• [Stored data]:
--- START ---

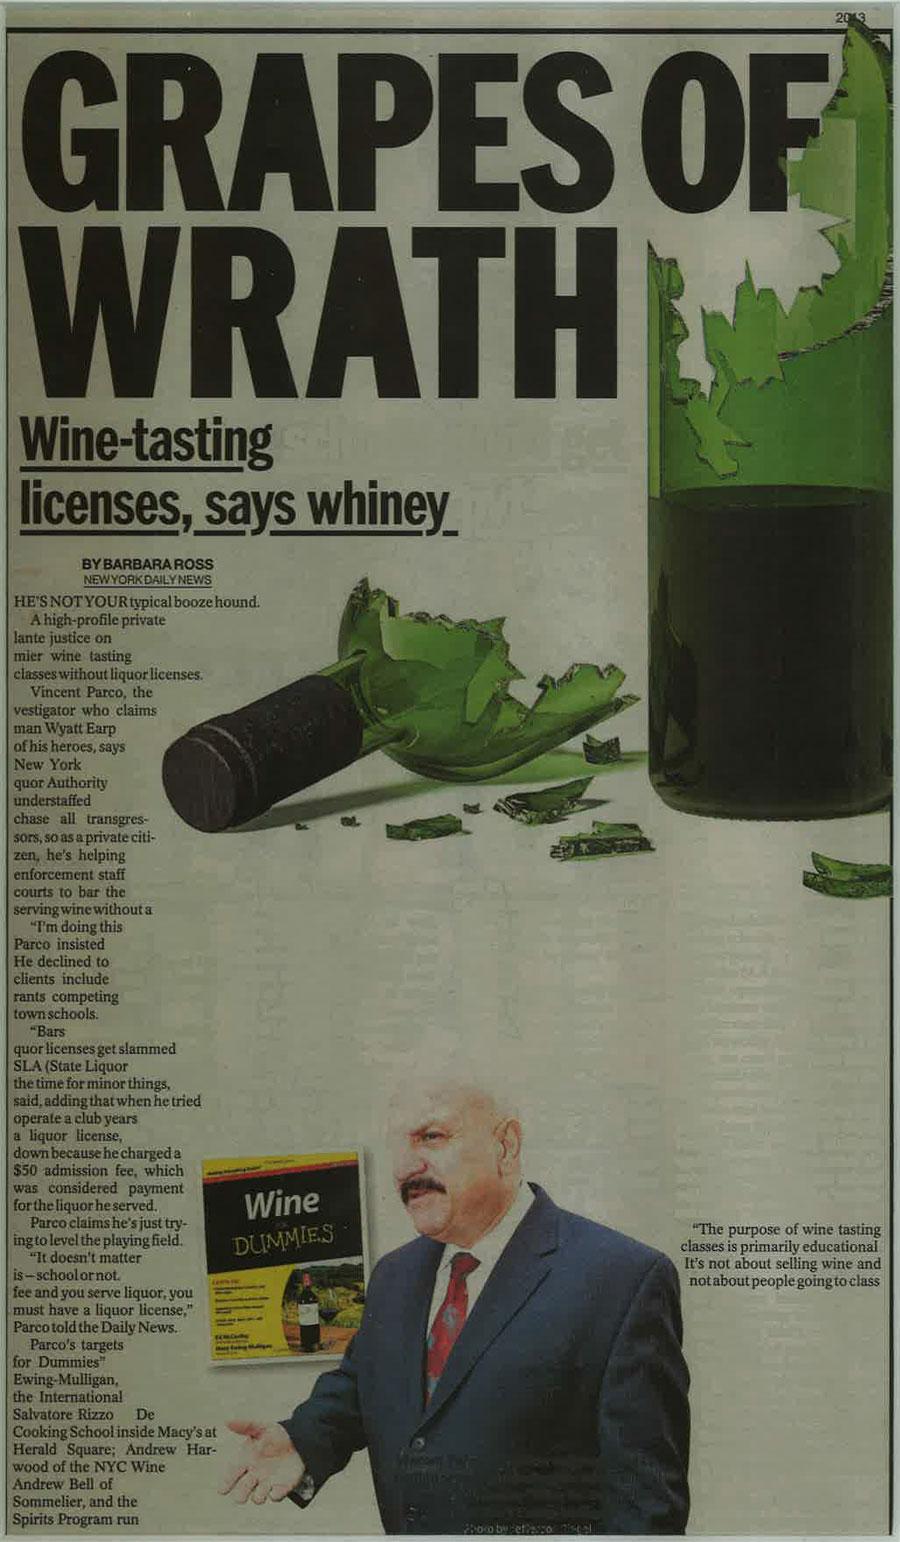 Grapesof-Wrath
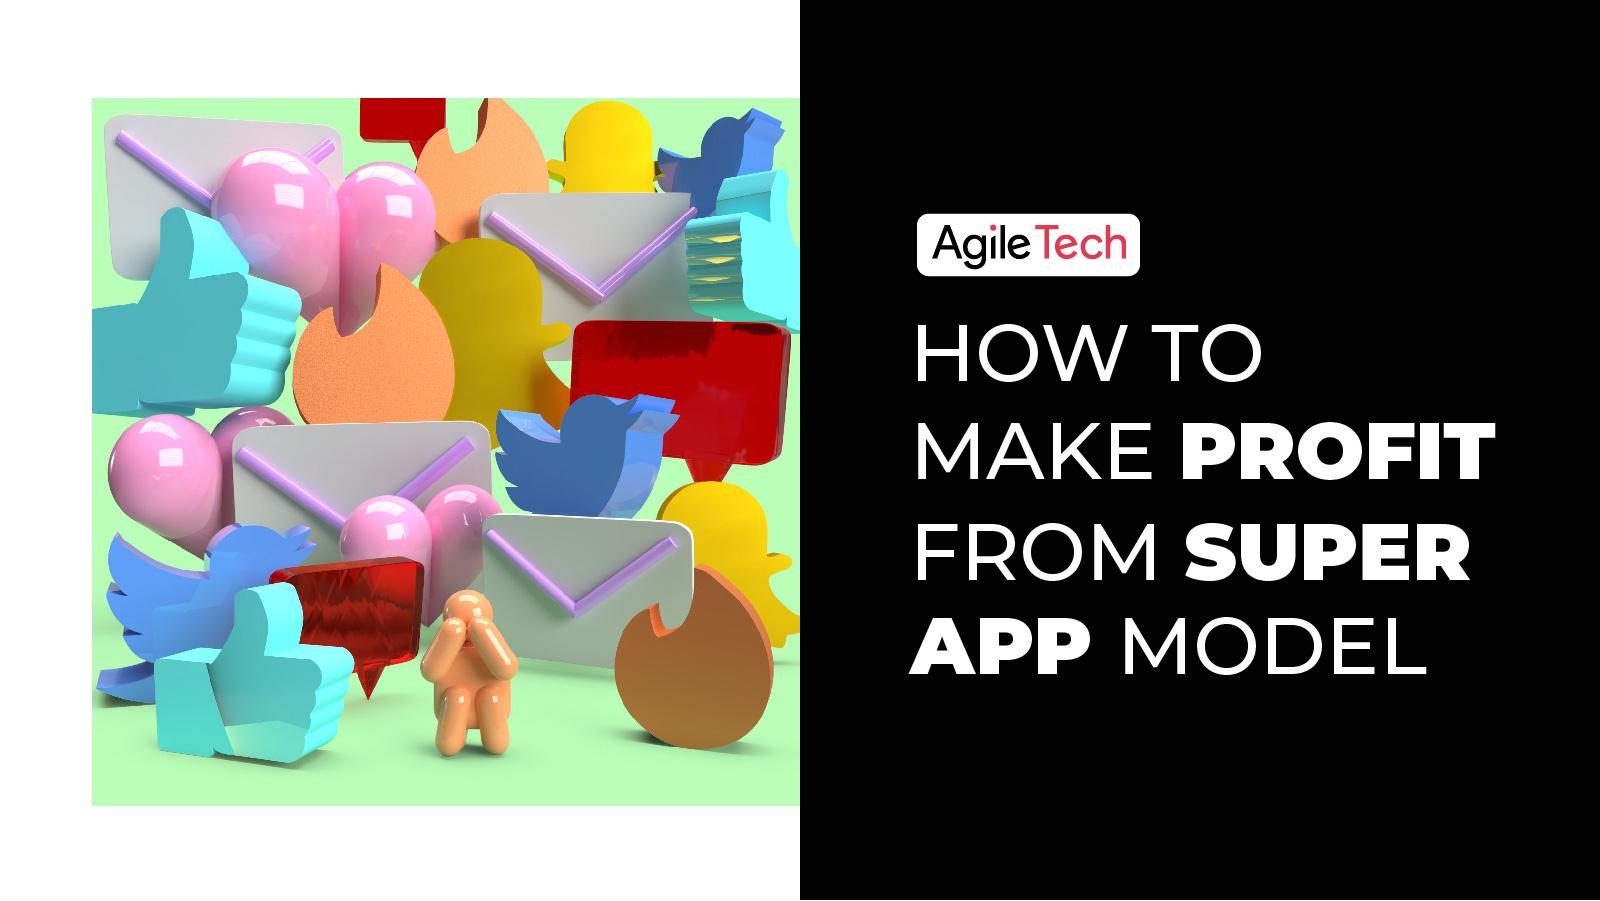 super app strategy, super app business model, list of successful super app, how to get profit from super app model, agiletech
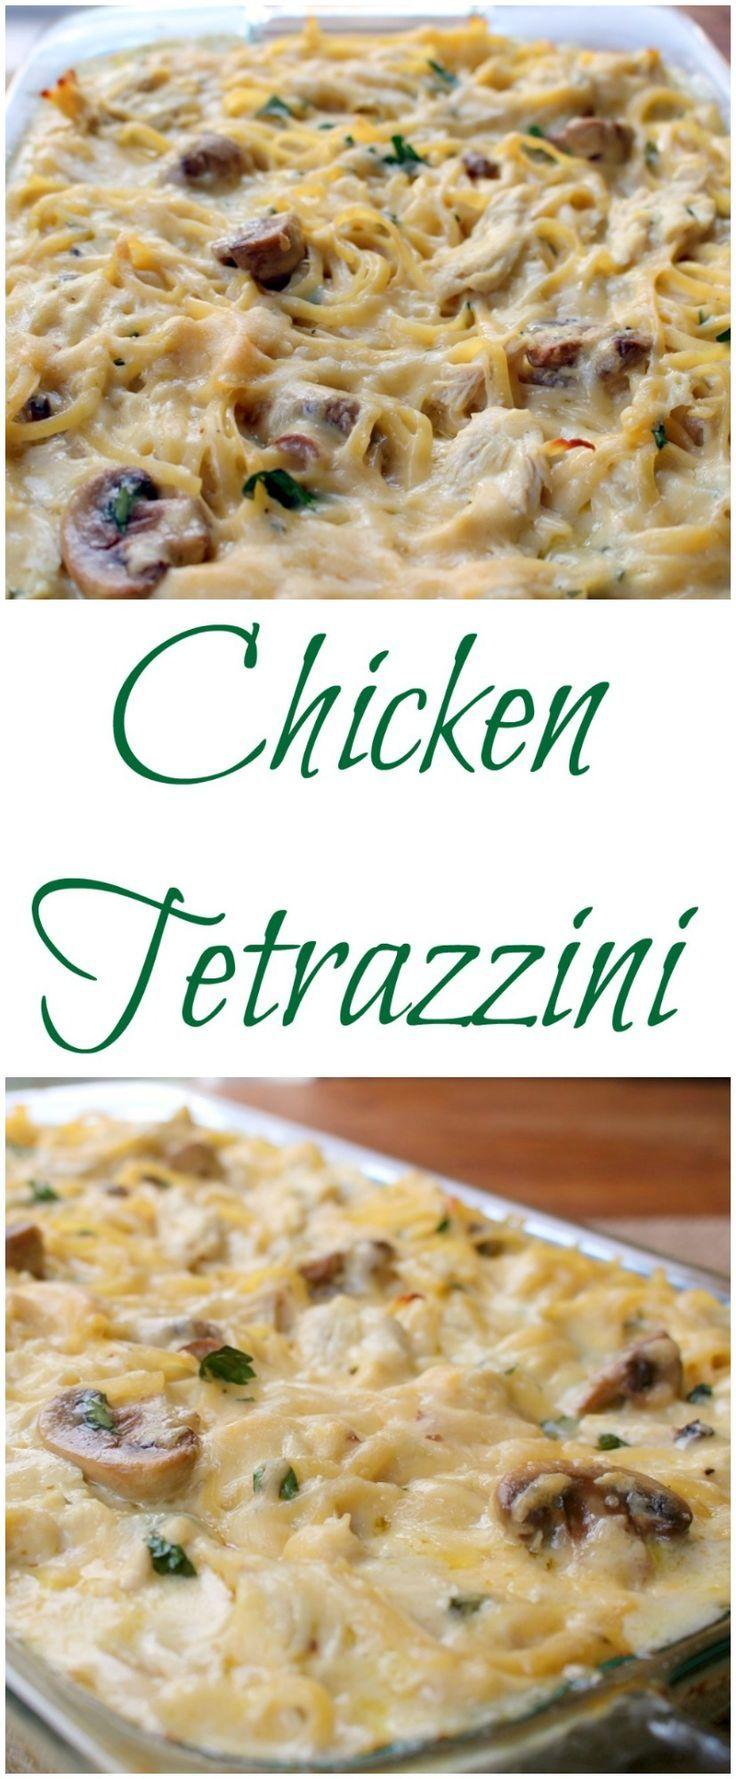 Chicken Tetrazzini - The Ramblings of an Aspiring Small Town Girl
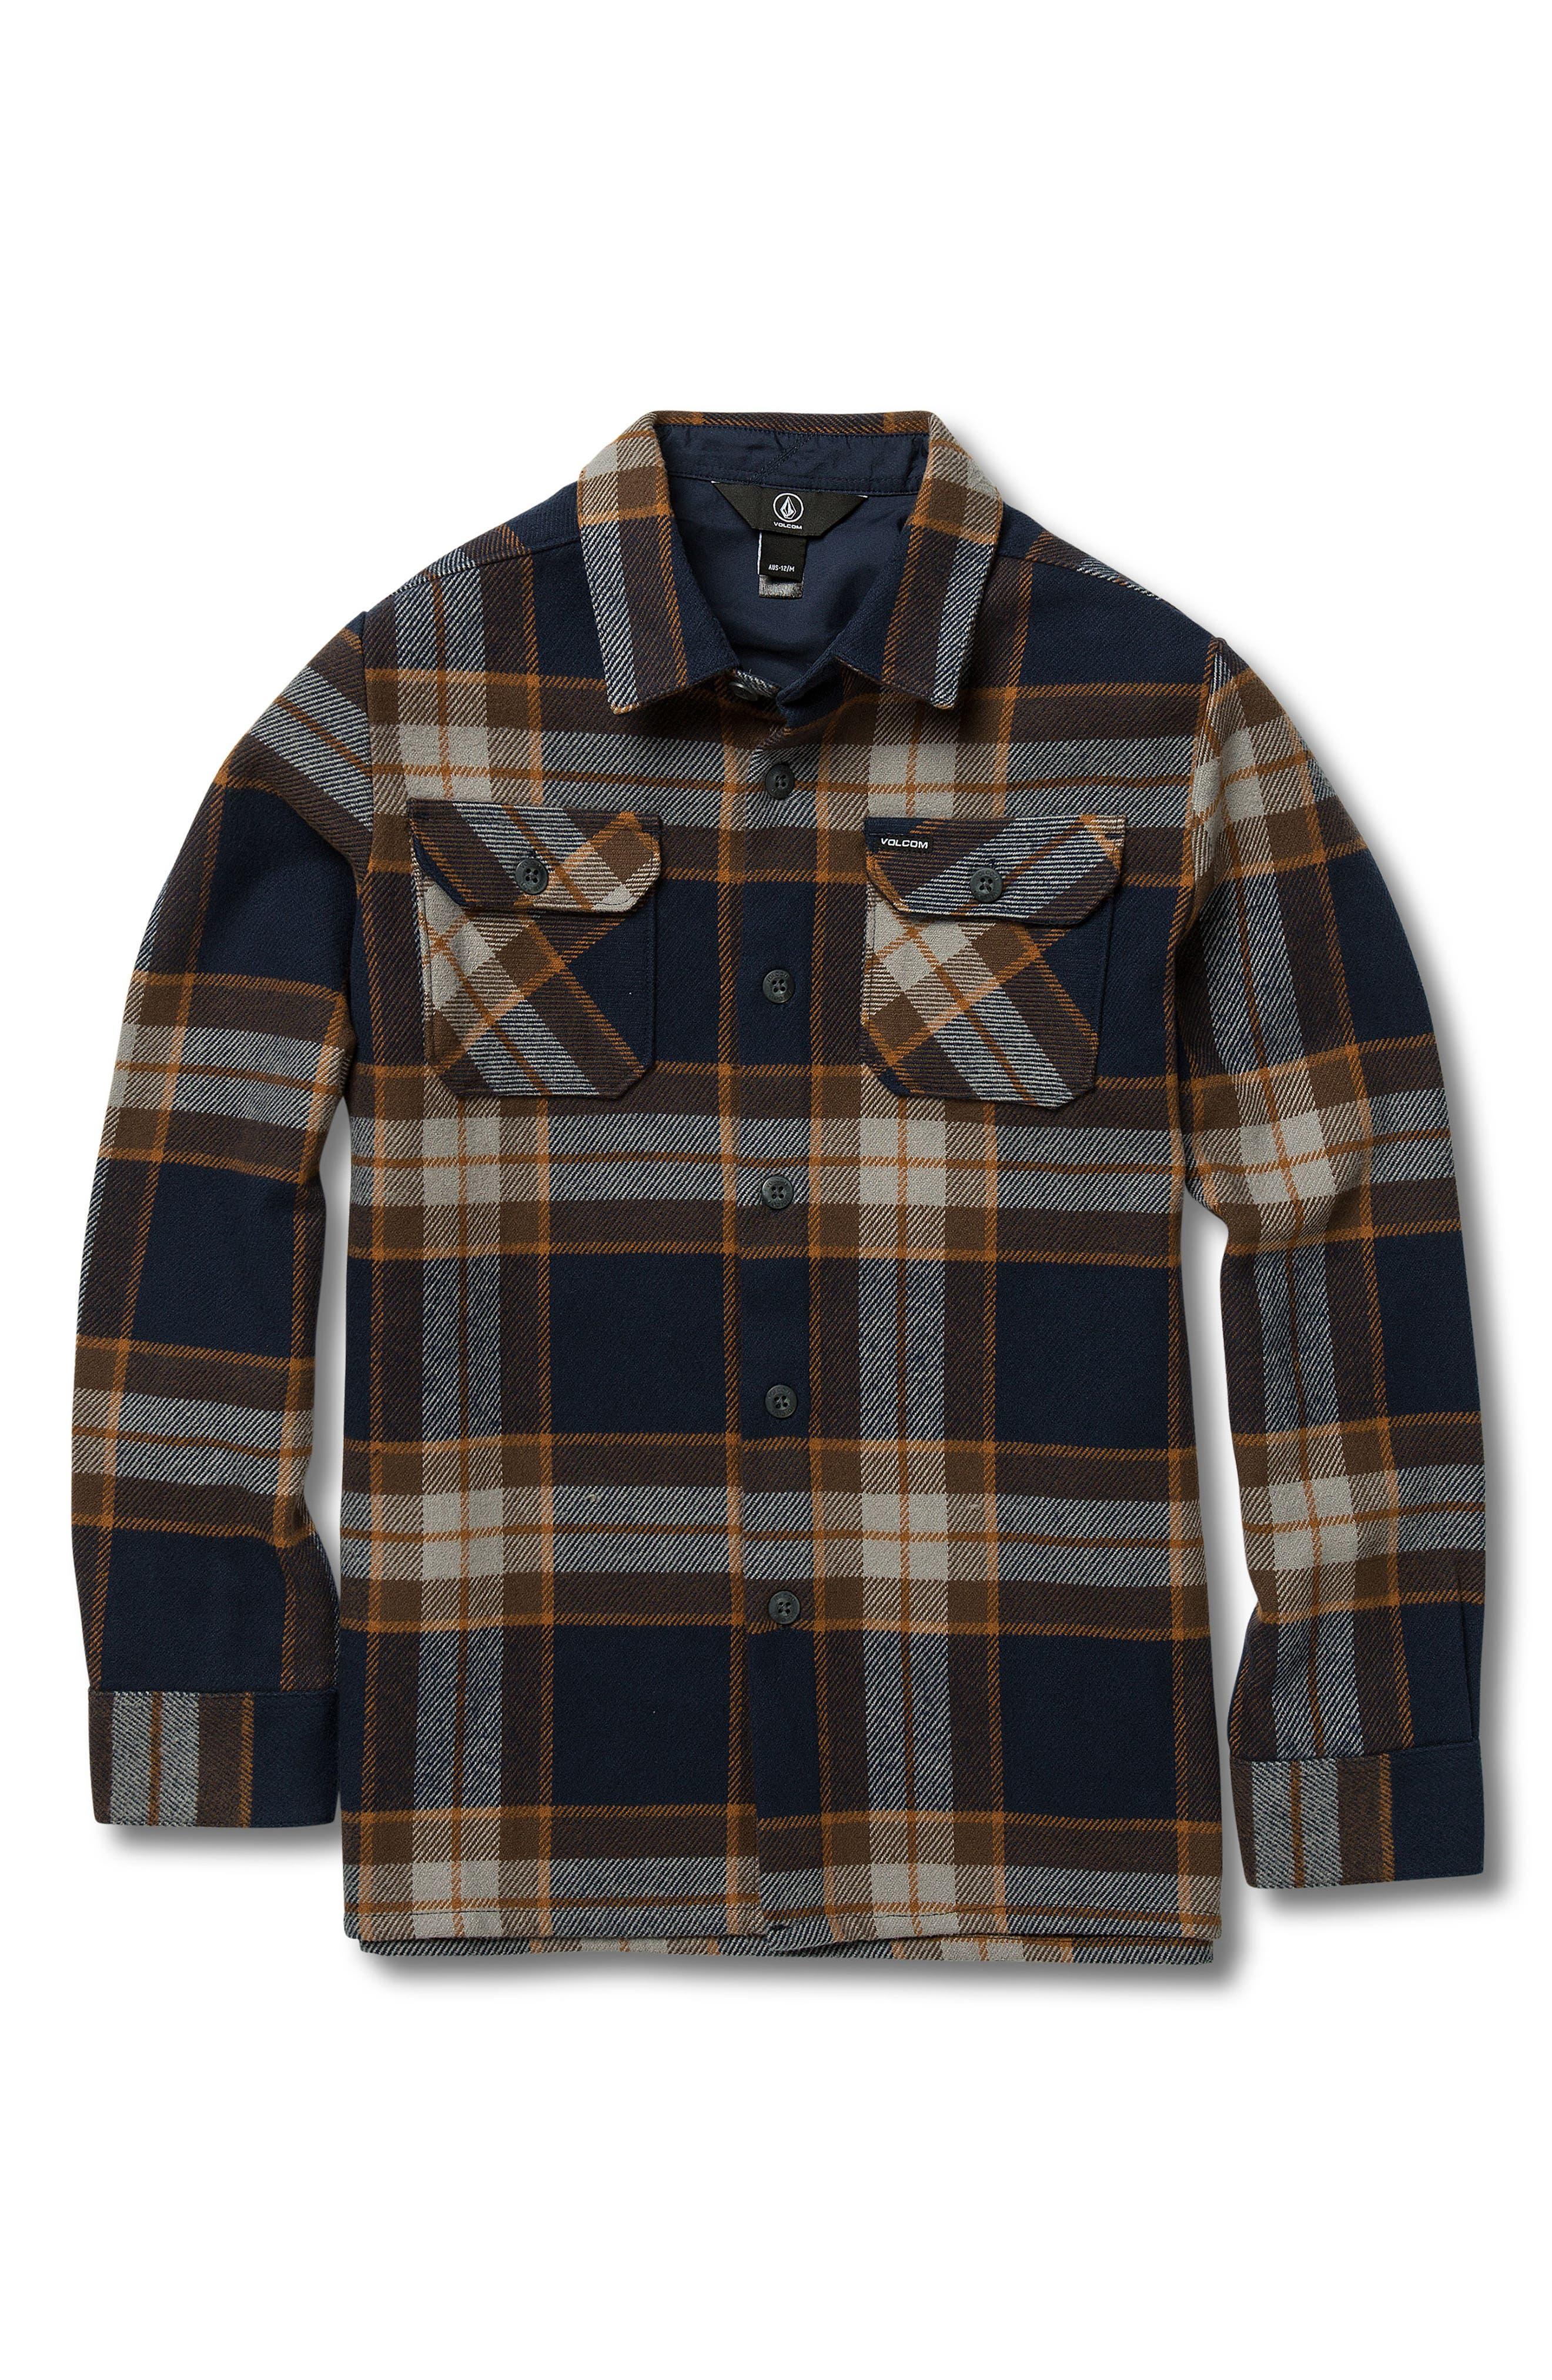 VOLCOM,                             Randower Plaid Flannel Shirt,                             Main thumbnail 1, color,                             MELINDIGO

--- END ---

• [Exercise prompt]: The lines wanted run from the one with "Chicken Tetrazzini - The" through the final line of the data; repeat them word for word and skip every picture.

• [Response below]:
 Chicken Tetrazzini - The Ramblings of an Aspiring Small Town Girl
 VOLCOM,                             Randower Plaid Flannel Shirt,                             Main thumbnail 1, color,                             MELINDIGO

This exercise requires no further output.